This report is intended to assist local, state, and federal agencies in better understanding the communities that we live in. Many of the counties in Nevada are small population, rural areas that do not have a large county government or their own economic development team. It can be a challenge for these counties to have in-depth quantitative analysis to use towards comprehensive planning strategies for the county and local communities.
The hope is that this report will be used by local, state, and federal agencies as a tool for future planning, aiming to assist the communities of Nevada. This and sister reports will not only lead readers to better understand their community’s social, demographic, economic, and environmental trends, but will also help model the impacts of population, economic, and industry change.
The purpose of this report is to provide and use data to showcase socioeconomic and other trends in a county in Nevada. This will give local decision makers—elected officials, educators, nonprofits—the ability to better understand their constituents’ needs.
Counties statewide and nationwide are constantly challenged to make decisions revolving around economic, demographic, and land issues. This crafted report is a tool to respond to those issues with quantitative backings that can help make a case for any decision big or small. These backings are rightfully called a “county baseline,” wherein data that covers all social, demographic, economic, and land measures is delivered in a kindly and easy-to-browse manner. This allows counties to utilize the report as they see fit, and best respond to any current issue with quantitative data.
In short, this report helps counties and communities better understand what makes up their counties and communities. Varying factors in an economic climate, like businesses opening and closing; population increasing or decreasing; and average household size growing and shrinking, put pressure on government and businesses themselves to make decisions and react to change. Possible measures or statistics that may help to make a better decision are included in this report.
It is also important to note that this report is not a one-time attempt at trying to make a one-time change. This report represents a commitment to communities, to counties, and to the state as a whole. Being a data repository of key measures, meaningful for communities, counties, and officials, its purpose is to reach out and help fill those gaps in decision-making, so that everyone may benefit.
Data was gathered from a variety of sources and compiled into a report broken down into easy-to-digest sections.
The report is broken down into six main sections:
- Demographic Characteristics covers general population demographics, such as population, age, and race
- Social Characteristics delves into poverty, education, school districts, and other aspects that impact the overall well-being of a community
- Economic Characteristics examines industry trends, including jobs, average annual earnings, and personal income breakdowns. This section also looks at the Gross Regional Product for the county and its industries, as well as Per Capita Income.

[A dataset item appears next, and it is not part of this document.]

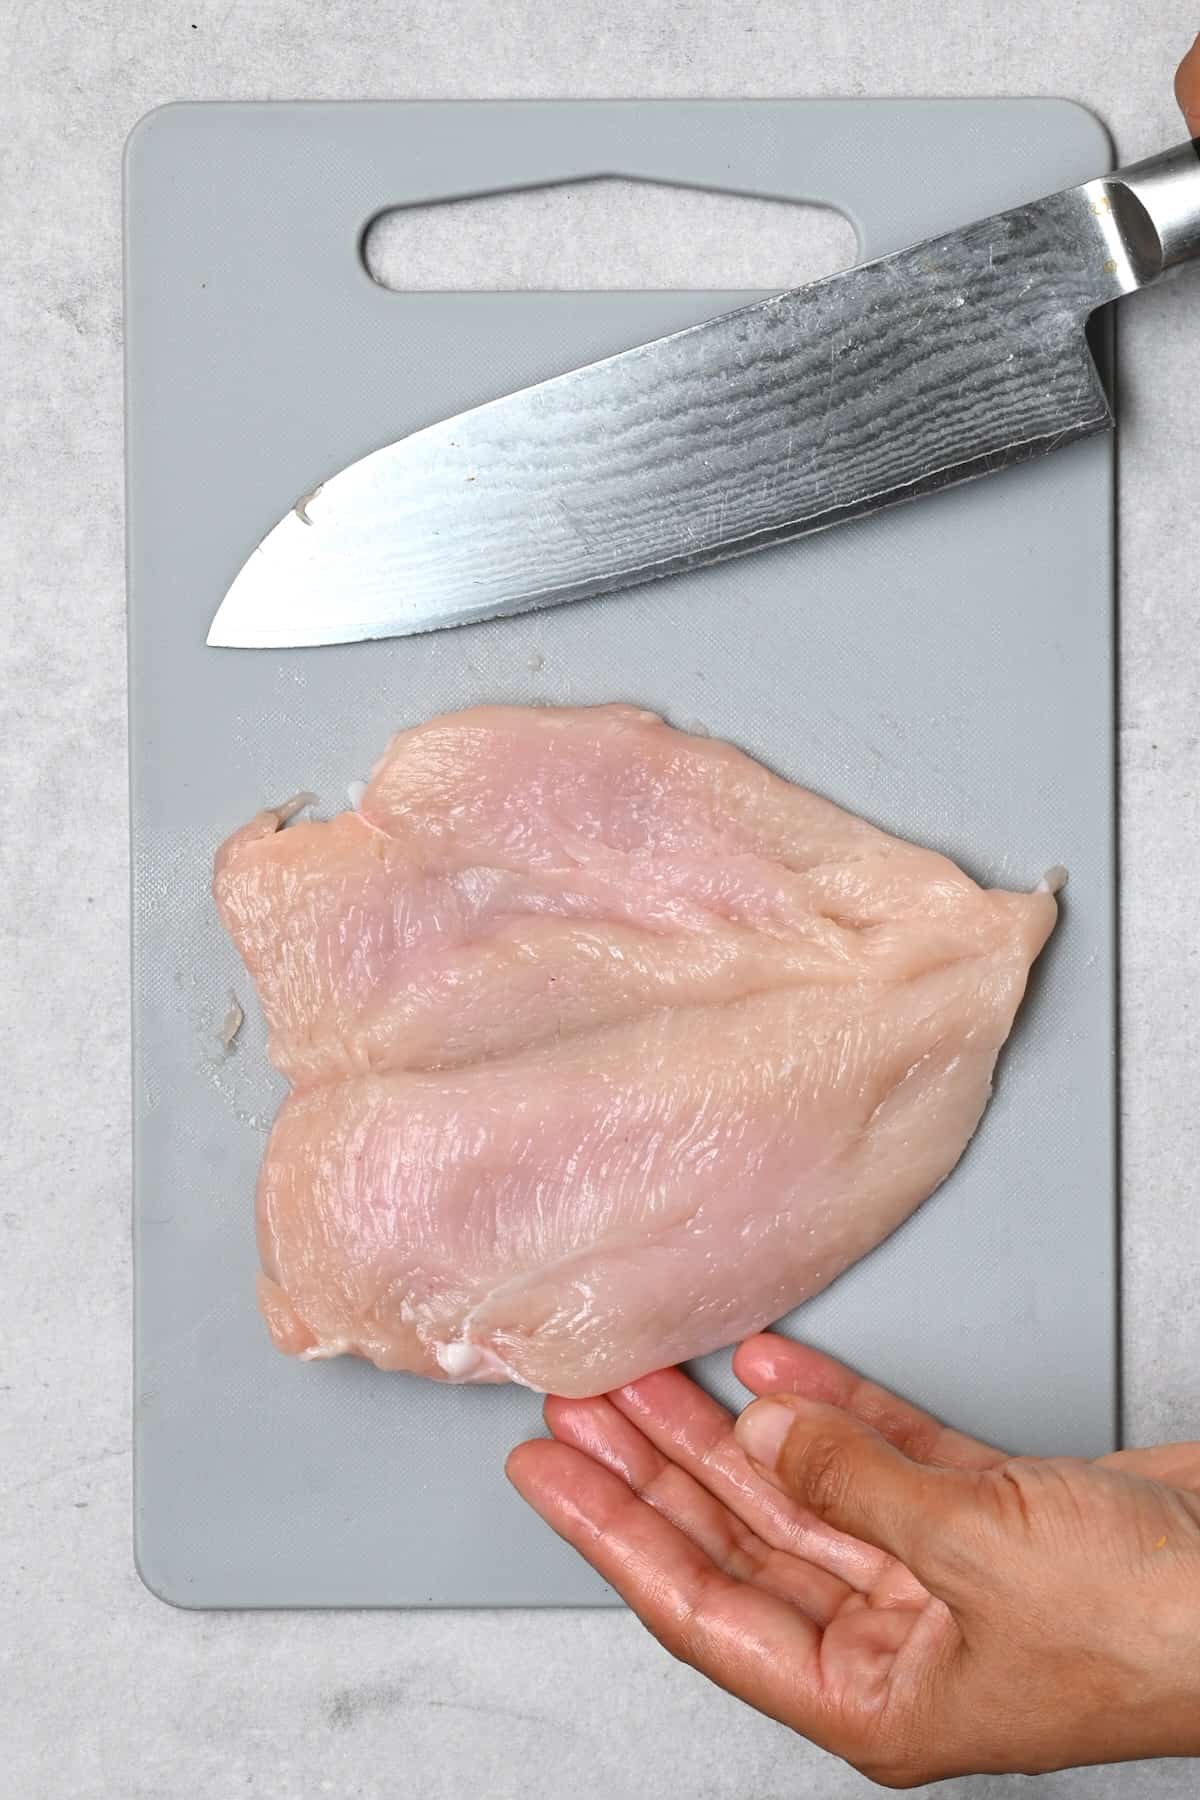 Butterflied chicken breast fillet on a cutting board

- NAICS Sectors takes an in-depth look at how industry contributes to the county’s economy. This includes measures of jobs, imports, earnings, and more.
- Land Use and Fiscal Characteristics details relevant data involving county land, taxes, and fiscal matters
- Community Assets is a qualitative look into the existing and desired qualities of the community
Within these sections are subsections consisting of specific economic data, accompanied by detailed tables and corresponding figures. Throughout the report there is an emphasis on changes and trends over the course of given time periods. Accompanying each table and figure are short analyses that highlight these changes and trends.
Churchill County, Nevada is uniquely located. East of California, Reno, and Carson City, Churchill spans 5,024 square miles encompassing mountains, valleys, ranges, lakes, channels, and ponds. All throughout the county’s west side and center you can find many bodies of water, ranging from Lahontan Reservoir to the marsh area of Little Mallard Pond. The mountains lie further east, past the county seat of Fallon. Perhaps most telling of Churchill’s unique positioning, is the route of Highway 50, which comes into Churchill from popular Lake Tahoe, passes through Fallon, and then goes on to run through the rest of Nevada as “The Loneliest Road in America,” leaving Churchill in the middle, with access to the rural and the urban.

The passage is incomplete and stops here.